3 VOORDELEN VAN HOUTSKELETBOUW ALS DROGE BOUWMETHODE

Terug naar het overzicht

HOUTSKELETBOUW VERBRUIKT ZEER WEINIG WATER

Houtskeletbouw is een droge bouwmethode, wat betekent dat er bij het bouwproces – zowel tijdens de productie, de bouwfase als de afwerking – maar zeer weinig water wordt gebruikt. Zo is er bijvoorbeeld geen water nodig voor de aanmaak van gips en cement. Bij een traditioneel huis wordt bij de opbouw gemiddeld tussen de 5.000 en 6.000 liter water verbruikt. Bij houtskeletbouw is dit slechts 10 à 25% van deze hoeveelheid, soms zelfs nog lager. En dat maakt ook financieel een groot verschil.
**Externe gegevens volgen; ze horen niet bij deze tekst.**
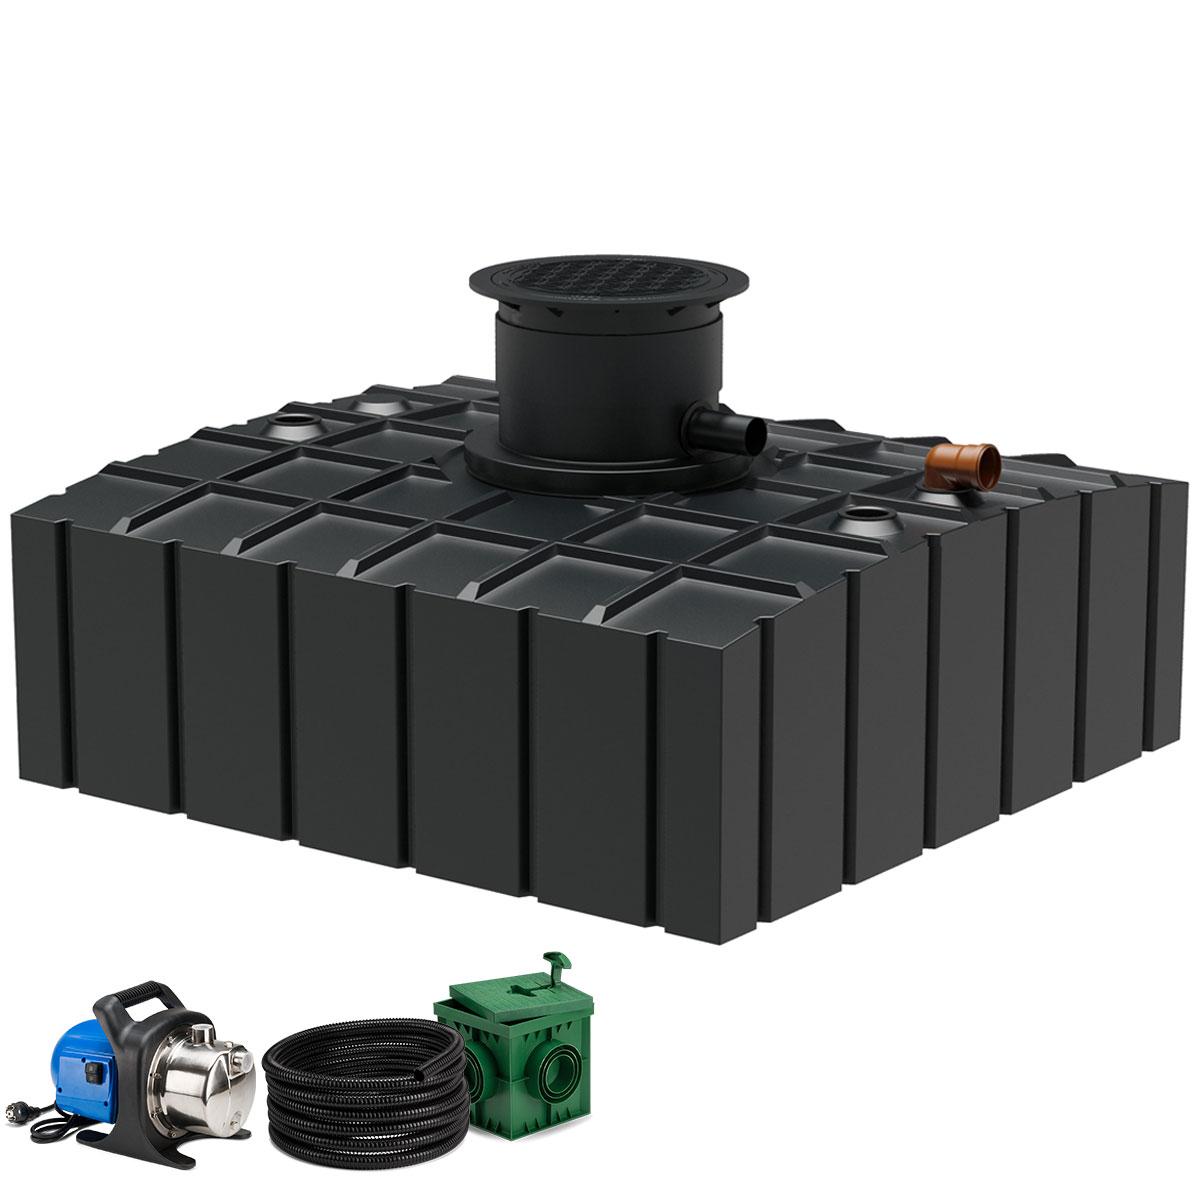 regenwasseranlage ft aqa.line 4150 liter garten | gartenbewässerung

HOUTSKELETBOUW HEEFT EEN KORTE DOORLOOPTIJD

Verder wordt ook de doorlooptijd – dat is de opeenvolging van de werken – aanzienlijk verkort. De montage duurt slechts enkele weken, waardoor de ruwbouw nauwelijks wordt blootgesteld aan weer en wind. Je hoeft dus ook niet lang te wachten voor de woning uitdroogt. Daarom kan je meteen na de afwerking al starten met schilderen. Bovendien zorgt dit ervoor dat je woning vanaf dag één al optimaal isoleert. Bij de klassieke bouwwijze met metselwerk en bepleistering kan het tot wel een jaar duren voor alles is uitgedroogd en de isolatie 100% werkt.